‘Long days ahead,’ says Eby as B.C.’s wildfire evacuation orders and alerts climb
July 12, 2023 By Dirk Meissner, The Canadian Press
Escalating wildfires and worsening drought across British Columbia signal challenging times ahead, with the province and nation facing the worst fire season in 100 years, said Premier David Eby.
Evacuation orders and alerts were expanded Tuesday near several wildfires in B.C.’s northern regions as communities try to keep residents safe and the BC Wildfire Service battles an increasing number of fires.
Eby, in Winnipeg for a meeting of premiers Tuesday, said help is on the way for fire-threatened communities, but the coming months could see conditions not experienced in a century.
The Regional District of Bulkley Nechako ordered more properties evacuated late Monday near two out-of-control fires in the Burns Lake area of central B.C., including a 3.5-square-kilometre blaze just east of the village, not far from Highway 16.
The district says the evacuation is mainly to protect infrastructure and to close surrounding recreational trails, while the other evacuation, along the north shore of Francois Lake, south of Burns Lake, now affects about 60 properties threatened by the 20-square-kilometre Parrot Lookout wildfire.
B.C.’s emergency information website said that about 150 people are out of their homes and hundreds more are on evacuation alert while the wildfire service website said late Tuesday that it was handling 316 active wildfires across the province, 33 of them sparked within the past day.

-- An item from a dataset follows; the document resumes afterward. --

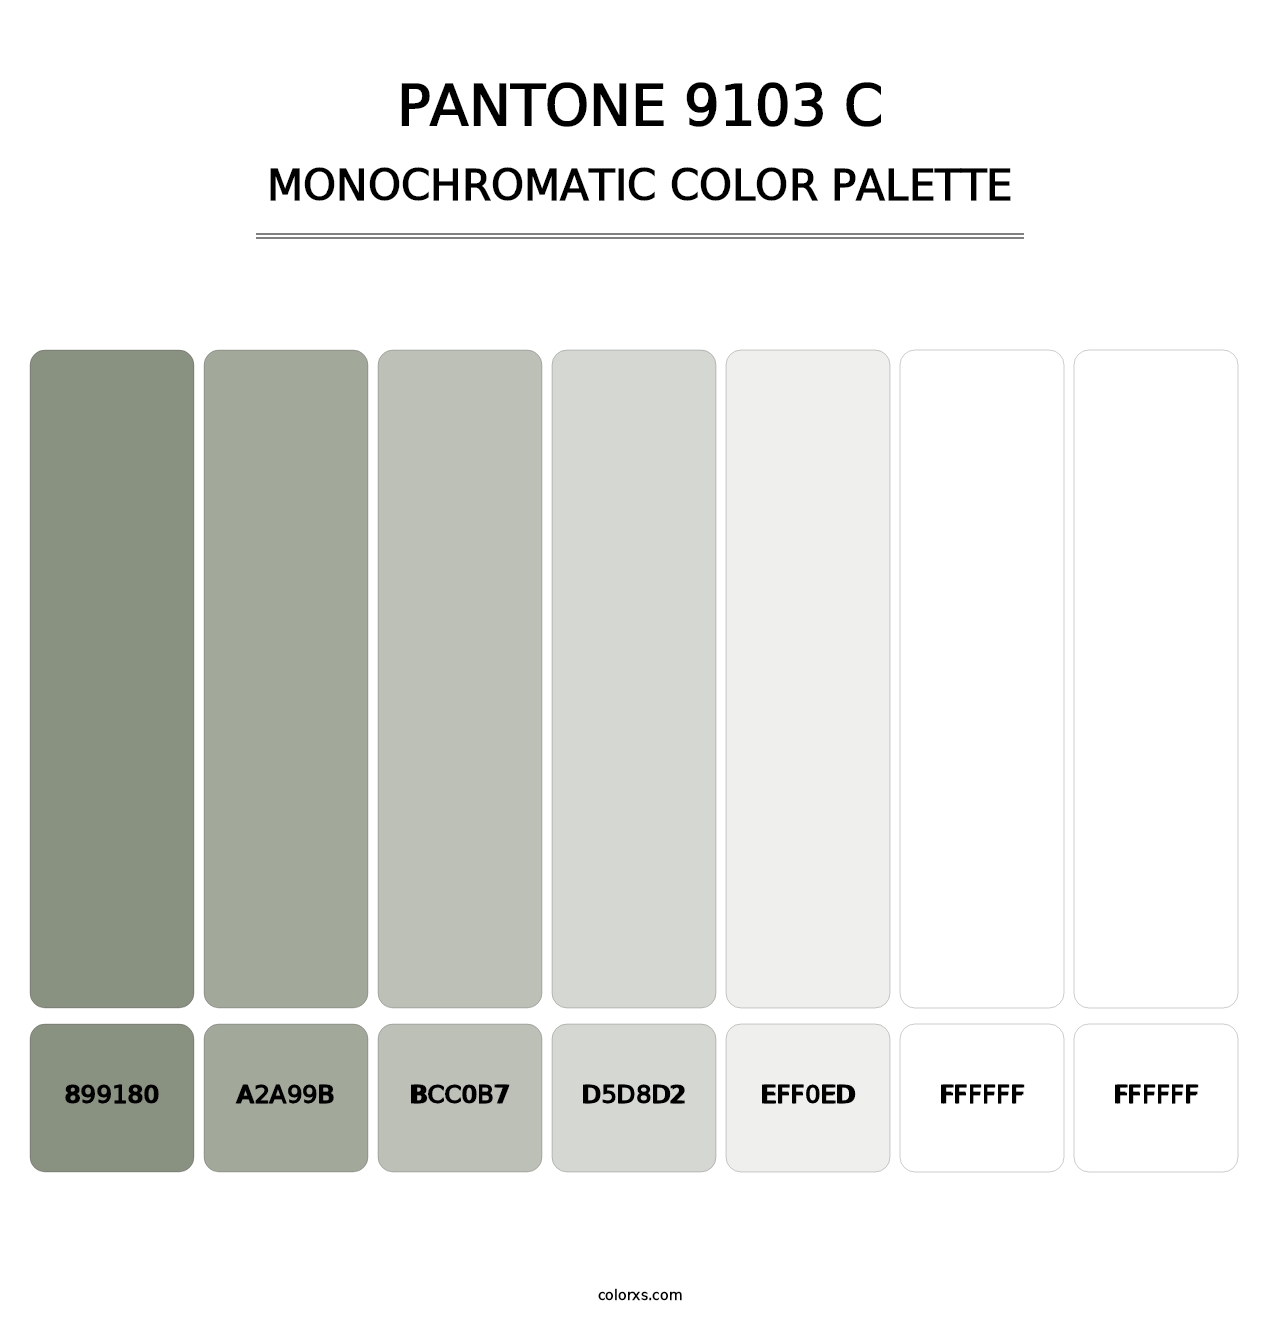 PANTONE 9103 C - Monochromatic Color Palette
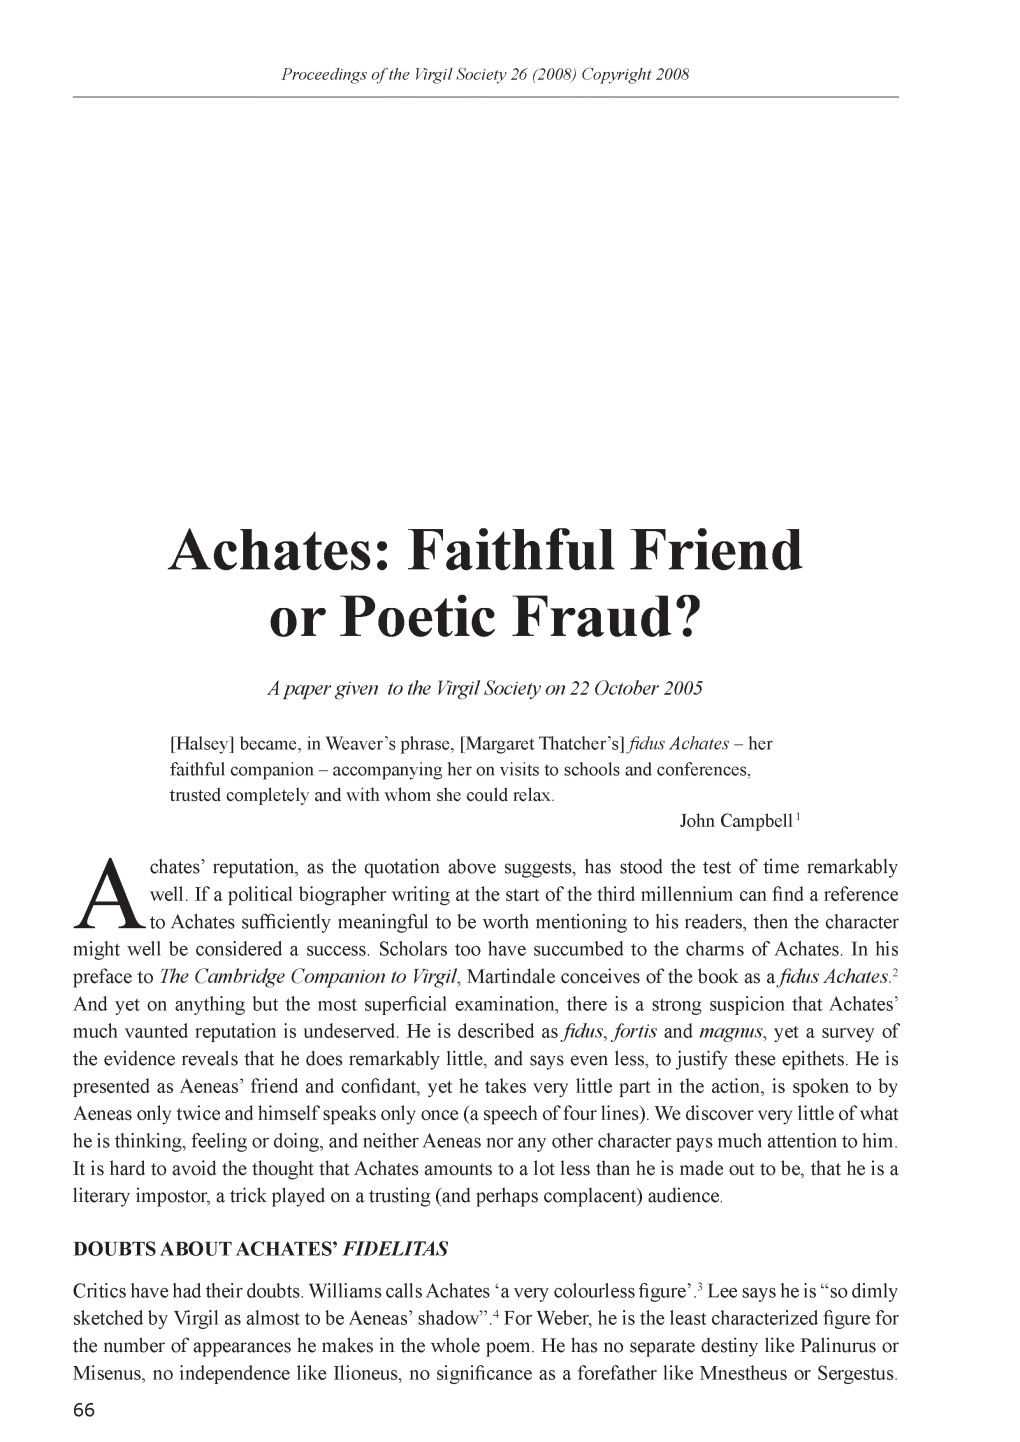 Achates: Faithful Friend Or Poetic Fraud?

“To British Columbians who are involved and who are facing potential evacuation or are in a state of emergency, we’re bringing on those resources to support you and your communities to fight those fires,” Eby said.
“We expect long days ahead,” Eby said. “The federal government has noted that we expect this to be nationally the worst fire season in 100 years and we don’t expect B.C. will be an exception to that rule given where we are right now.”
Eby expressed gratitude toward firefighters from the United States and Mexico who are on the “frontlines” battling wildfires with B.C. counterparts.
He said more international firefighters are on the way to B.C. to fight fires and the province has placed orders for more equipment, particularly air support.
The province has already spent $200 million this year fighting the wildfires, Eby said.
In Yukon, crews report a wildfire just west of Whitehorse that has been burning since Saturday is now close to eight square kilometres but is no nearer to homes along the south side of the Alaska Highway.
An evacuation alert for about 155 properties in the Ibex Valley area remains in effect.
Thirty-two firefighters, four wildfire officers and a structure protection team as well as four helicopters and two air-tanker groups are being used to fight the blaze.
A second evacuation alert covering a dozen properties is in place for the Silver Trail between Stewart Crossing and Mayo, about 400 kilometres north of Whitehorse, due to the nearby 10-square-kilometre Reverse Creek fire.
Community Services Minister Richard Mostyn said Tuesday that Yukoners should follow the fire bans in place across the territory and have a 72-hour emergency kit prepared.
“The intense wildfire season our neighbours in the south have experienced this summer has finally arrived in the territory,” he said.
“And while we know seeing plumes of smoke nearby can be stressful, we are urging all Yukoners to keep themselves informed and to stay calm.”
Mike Fancie, a community engagement officer with wildland fire management, said officials are exploring potentially bringing in help from outside the territory to fight the fires.
“As I’m sure everyone across the country has seen, there’s a very high demand for firefighting resources,” he said.
“So our duty officers are working to see what we need and what’s available to ensure that we have enough resources to really ensure that we are able to manage these situations.”
Heat warnings are still posted for Yukon as temperatures nudge 30 C in some places, but Environment Canada says showers and a cooling trend are on the way.
Thunderstorms are forecast for much of the B.C. Interior and large sections of the province and Yukon will have to endure hazy, smoke-filled skies at least for the next several days.
Much of B.C. is facing drought conditions, said Eby.
“Many parts of the province are in significant drought right now,” he said. “We’re seeing levels of drought in our province we usually don’t see until much later in the summer.”
B.C.’s Ministry of Emergency Management and Climate Readiness is expected to provide a provincial drought update later this week.